A few excerpts can’t really capture its magic, but I’ll give you a little taste before you get this title for stocking stuffers next Christmas.
Fantasizing about Dead Presidents!:
The bureau chief pressed play and listened one last time to the most incriminating Presidential whisper in the history of America.
"Allahu Akbar."
Purple Prose!:
A glance about the room at all the right-wing propaganda, pictures on the walls, brought a smirk to his lips. How stupid were the American People anyway?
He stuffed his weapon in the oversize pocket of the camouflage jacket and locked the door of the house behind him. Twenty minutes from D.C. Thirty minutes from destiny.
Fox News Love!:
"Anyone new, young, inexperienced. Someone tough enough to keep Garrett from getting too close."
"Major Garrett?"
"Can’t have Fox getting even a whiff of the truth. All they do is stir up trouble." He paused, then added, "Martial law would’ve been so much easier."
Now, some might say that I am overreacting to a piece of fiction. That’s just it, though; the entirety of the modern American conservative movement is built on stories so improbable that a good science fiction author would reject them. When a majority of Republicans believe that Obama is a foreign-born socialist in favor of terrorism, that drilling in Alaska will make America energy independent, that climate change is a liberal conspiracy and that 9/11 was the work of Iraqis, it becomes pretty difficult to separate their fantasy from their reality, and that’s the danger.
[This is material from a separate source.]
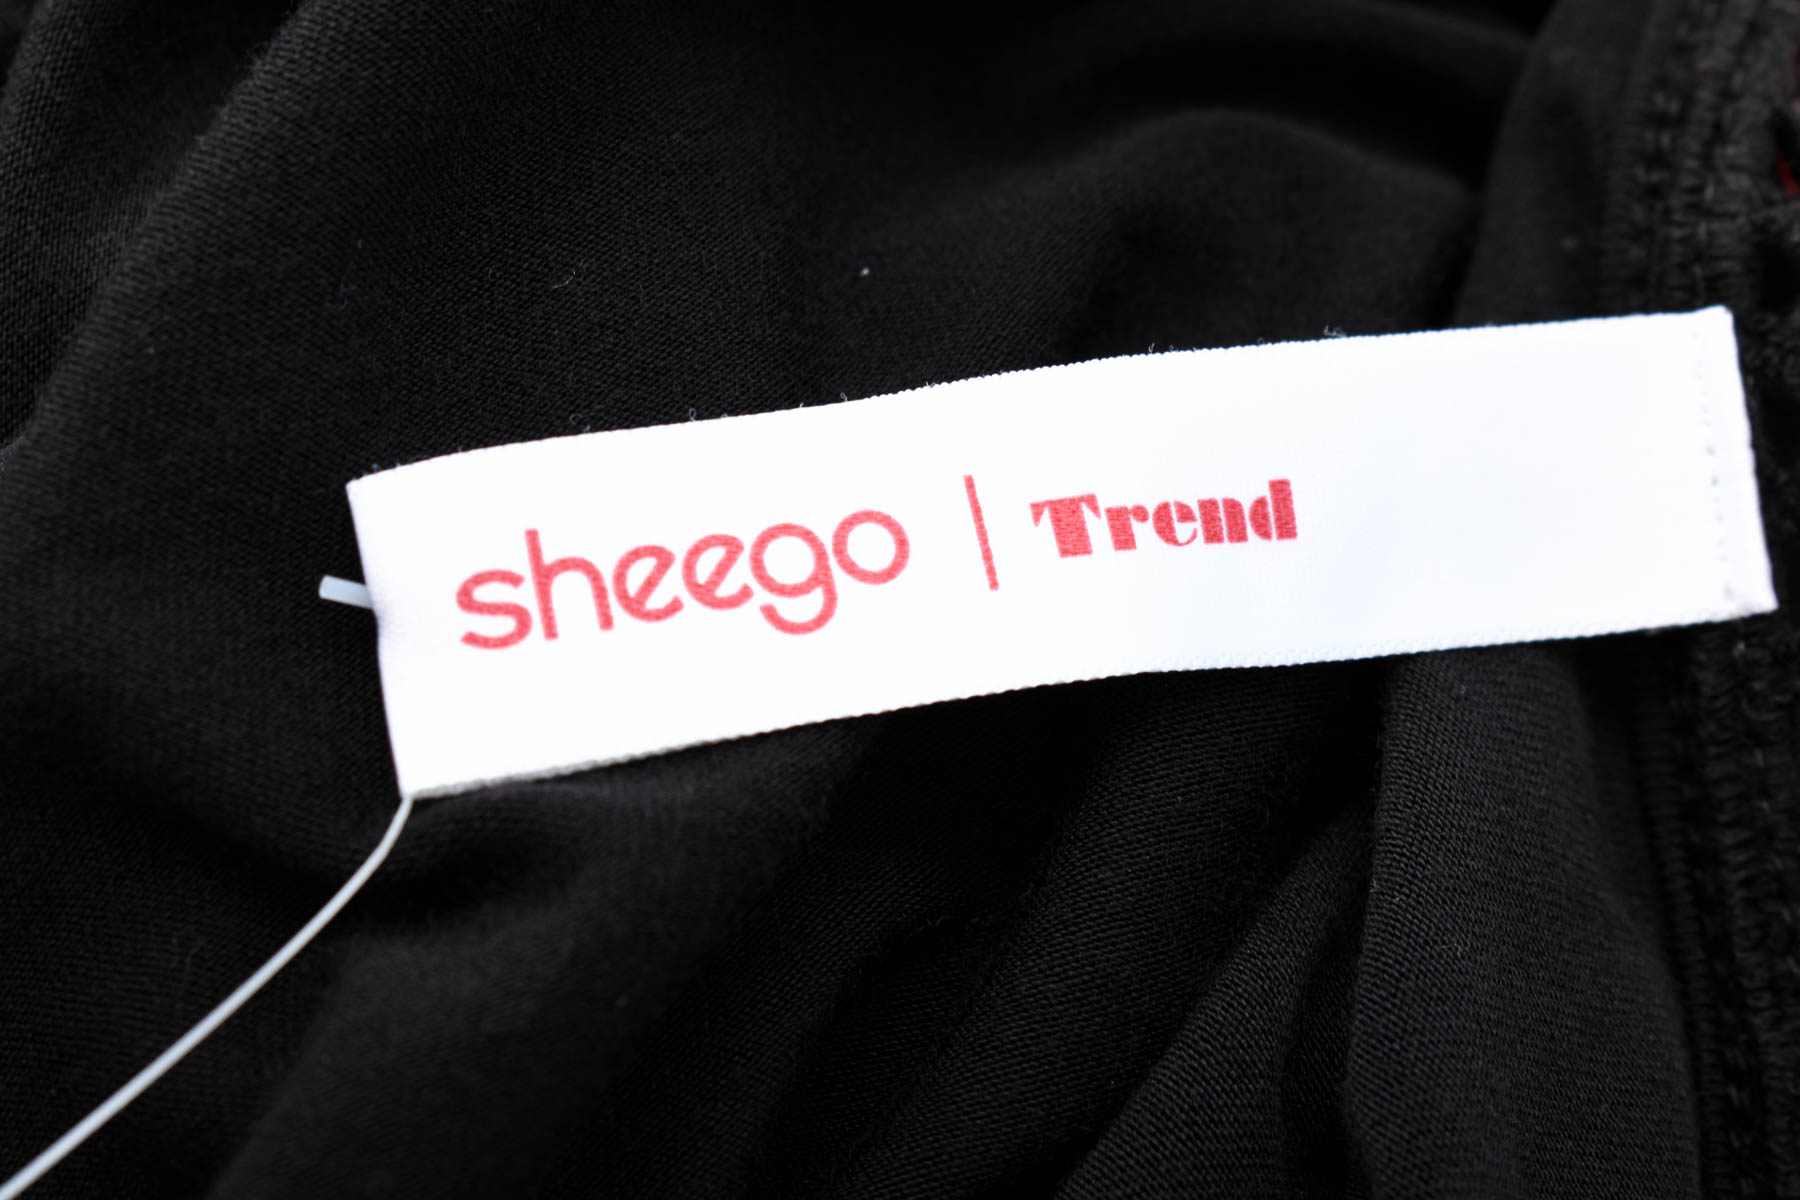 Γυναικεία μπλούζα - Sheego - 2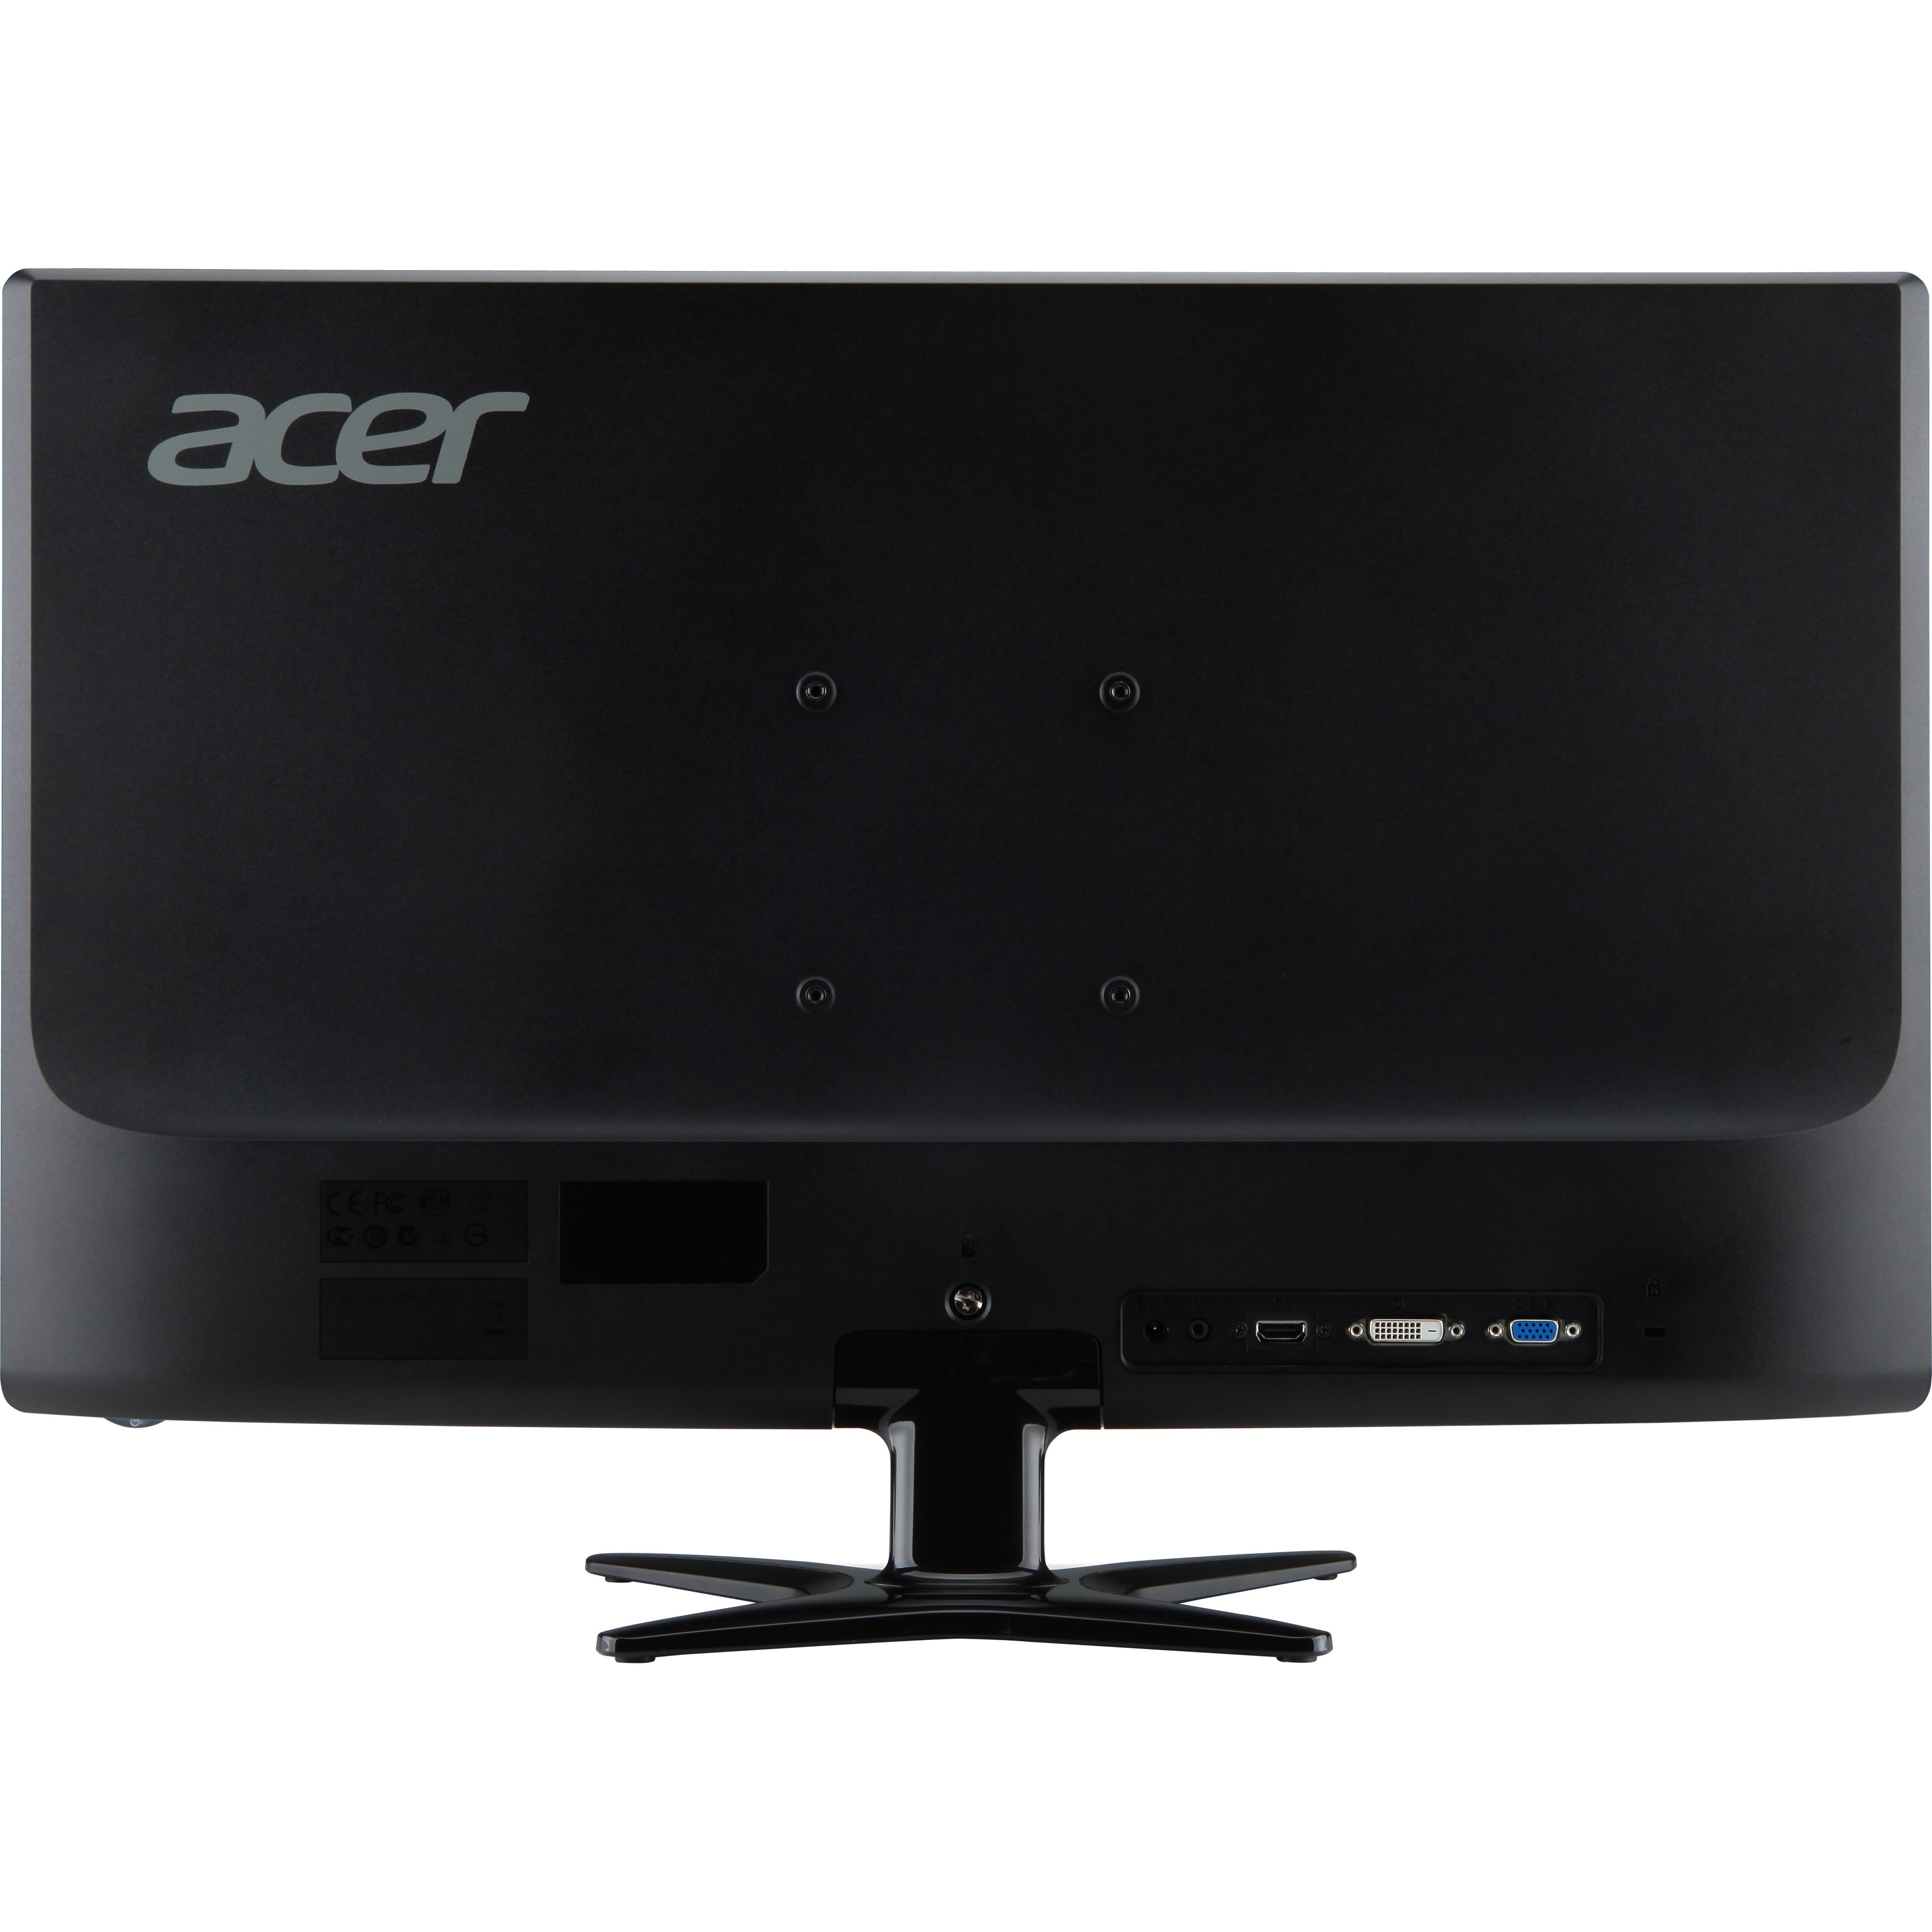 Acer G276HL 27" Full HD LED LCD Monitor, 16:9, - Walmart.com

When Republican leaders stoke the fears of those already in the grasp of paranoid delusions and insane fears, something dreadful could certainly happen. It’s time for Republican leaders to stop using targets on posters, waving on mobs, and questioning the President’s birth certificate. Reasonable people can disagree and have heated debates, but that can’t happen in an environment where this kind of rhetoric takes the fore.